Provided data START

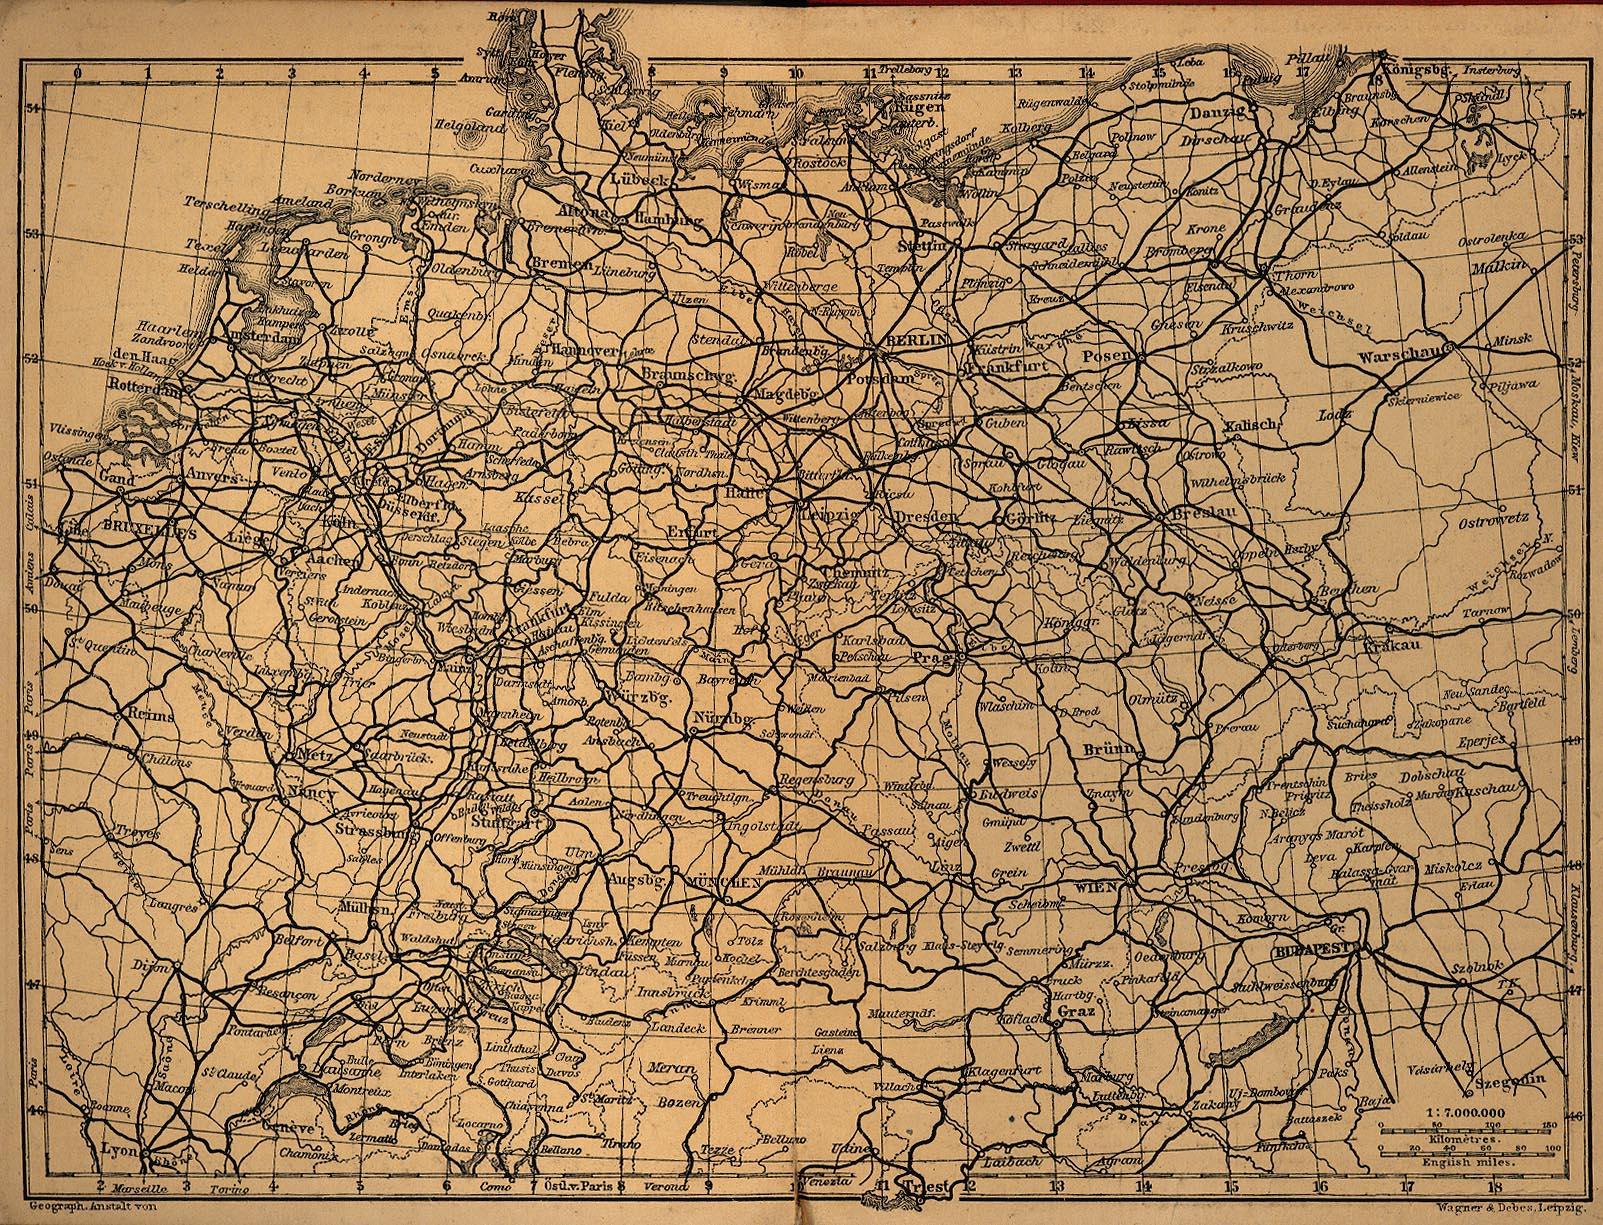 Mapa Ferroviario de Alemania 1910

Provided data END
Provided data START

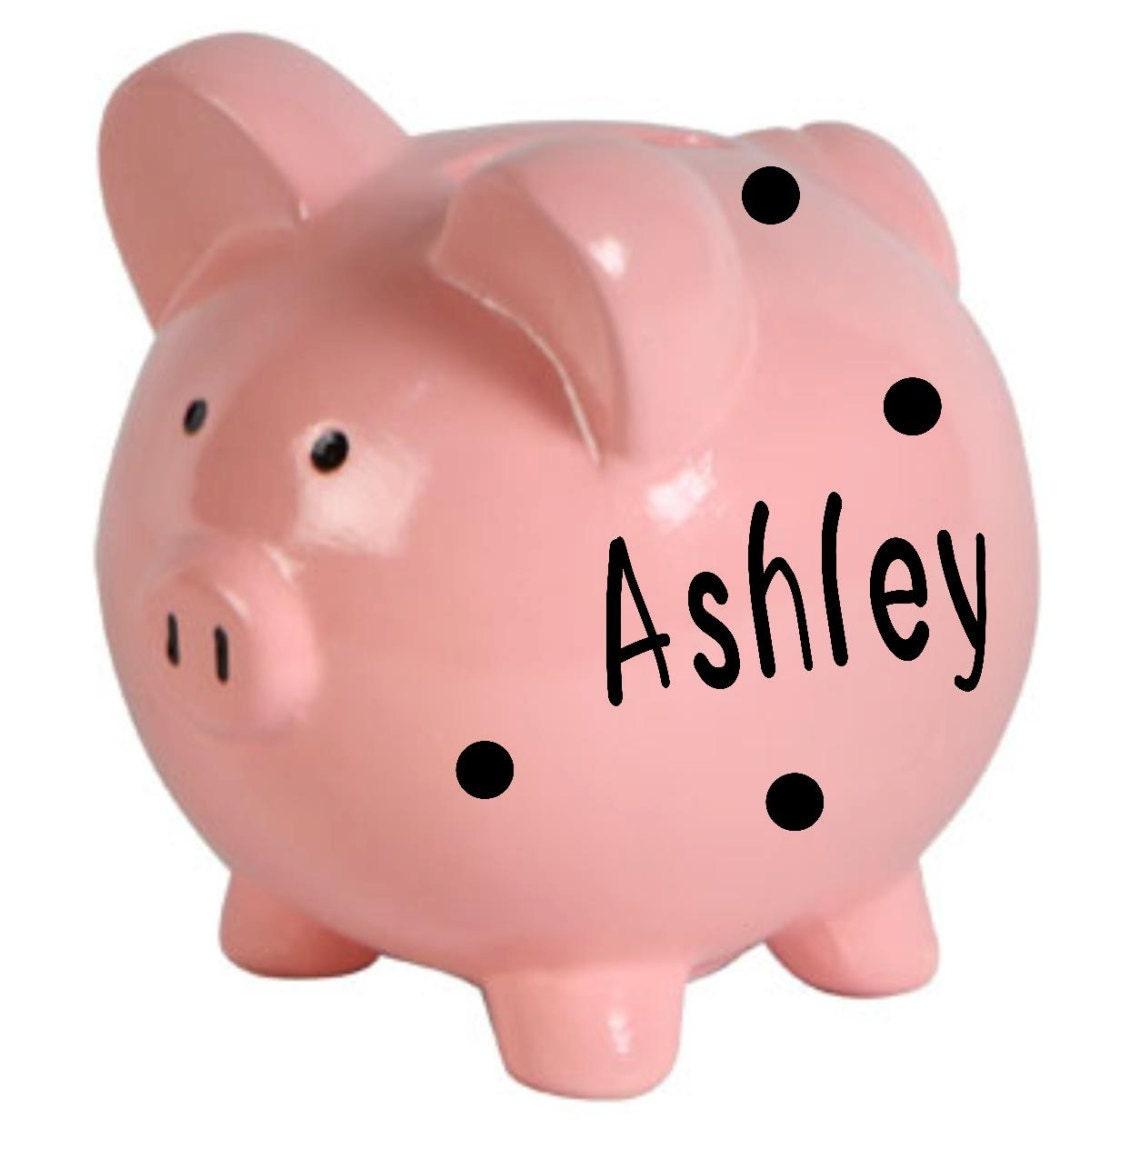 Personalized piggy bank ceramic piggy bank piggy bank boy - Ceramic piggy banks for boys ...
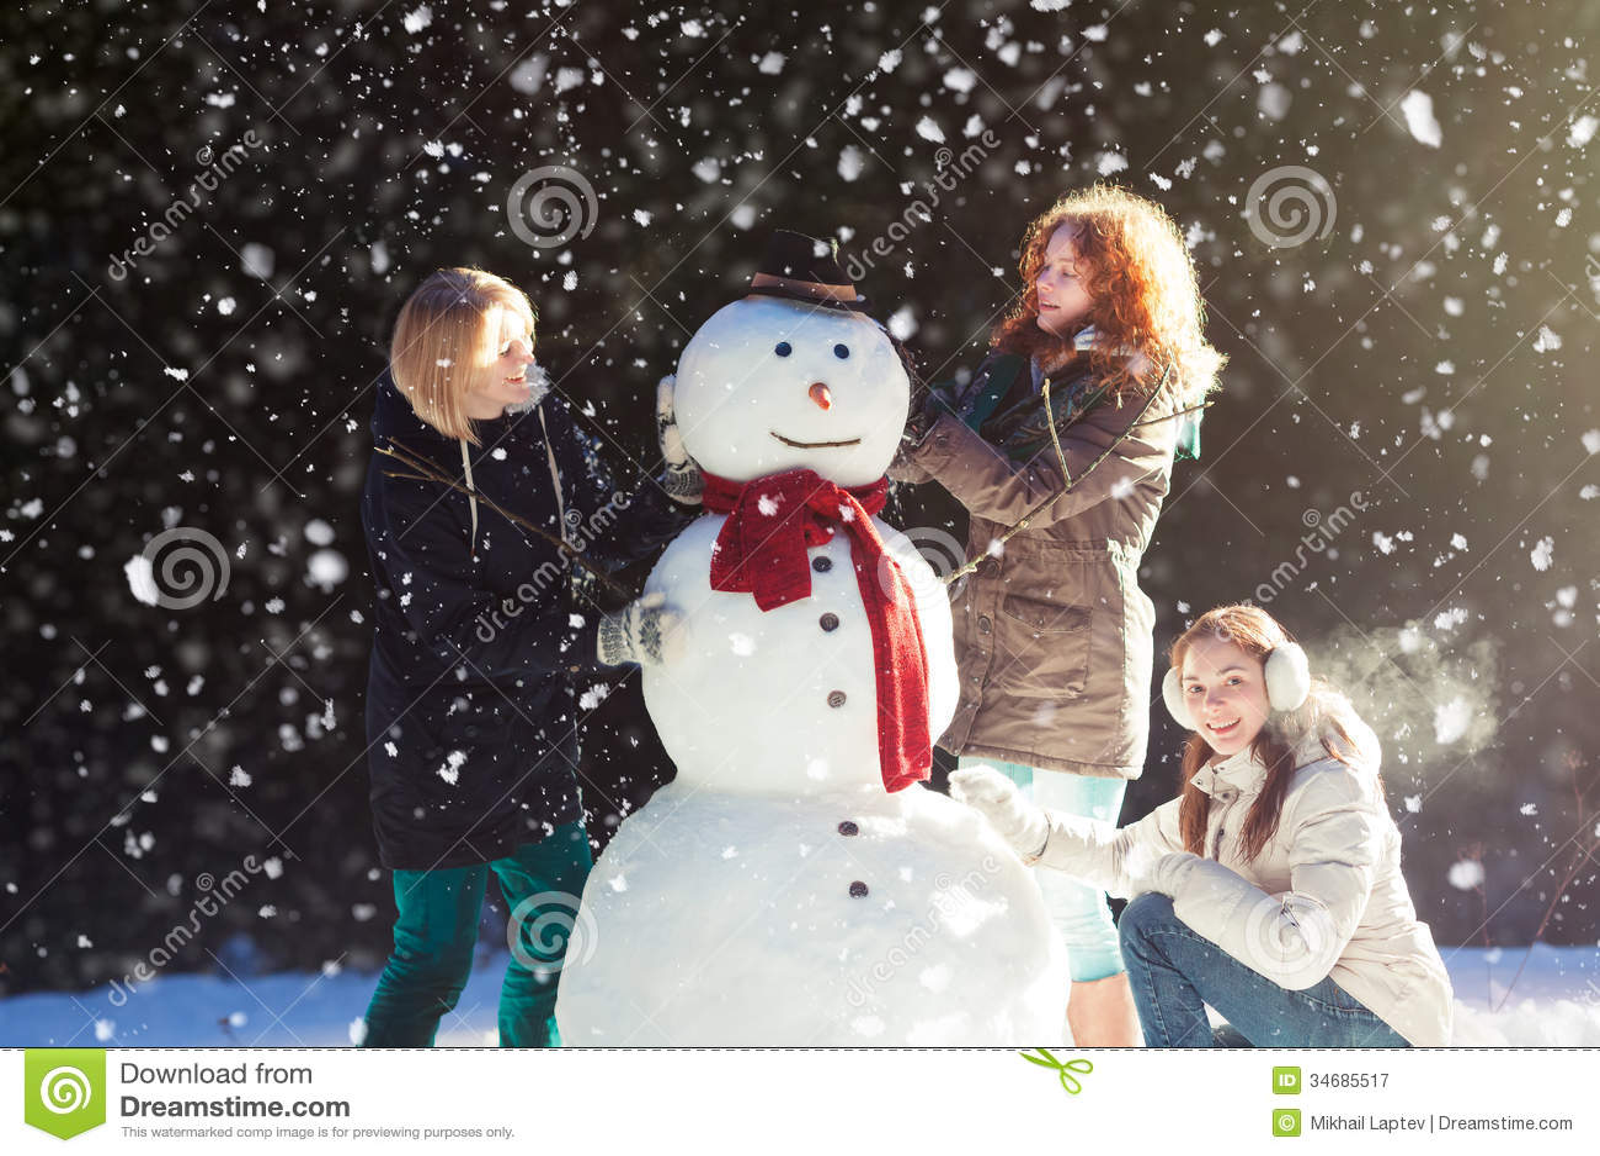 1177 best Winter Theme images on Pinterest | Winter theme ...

Provided data END

Activity
Skip every picture, and restate word for word only the lines above from the line containing "Personalized piggy bank" to the line containing "1177 best Winter", both of them included.

Exercise solution
 Personalized piggy bank ceramic piggy bank piggy bank boy - Ceramic piggy banks for boys ...
 1177 best Winter Theme images on Pinterest | Winter theme ...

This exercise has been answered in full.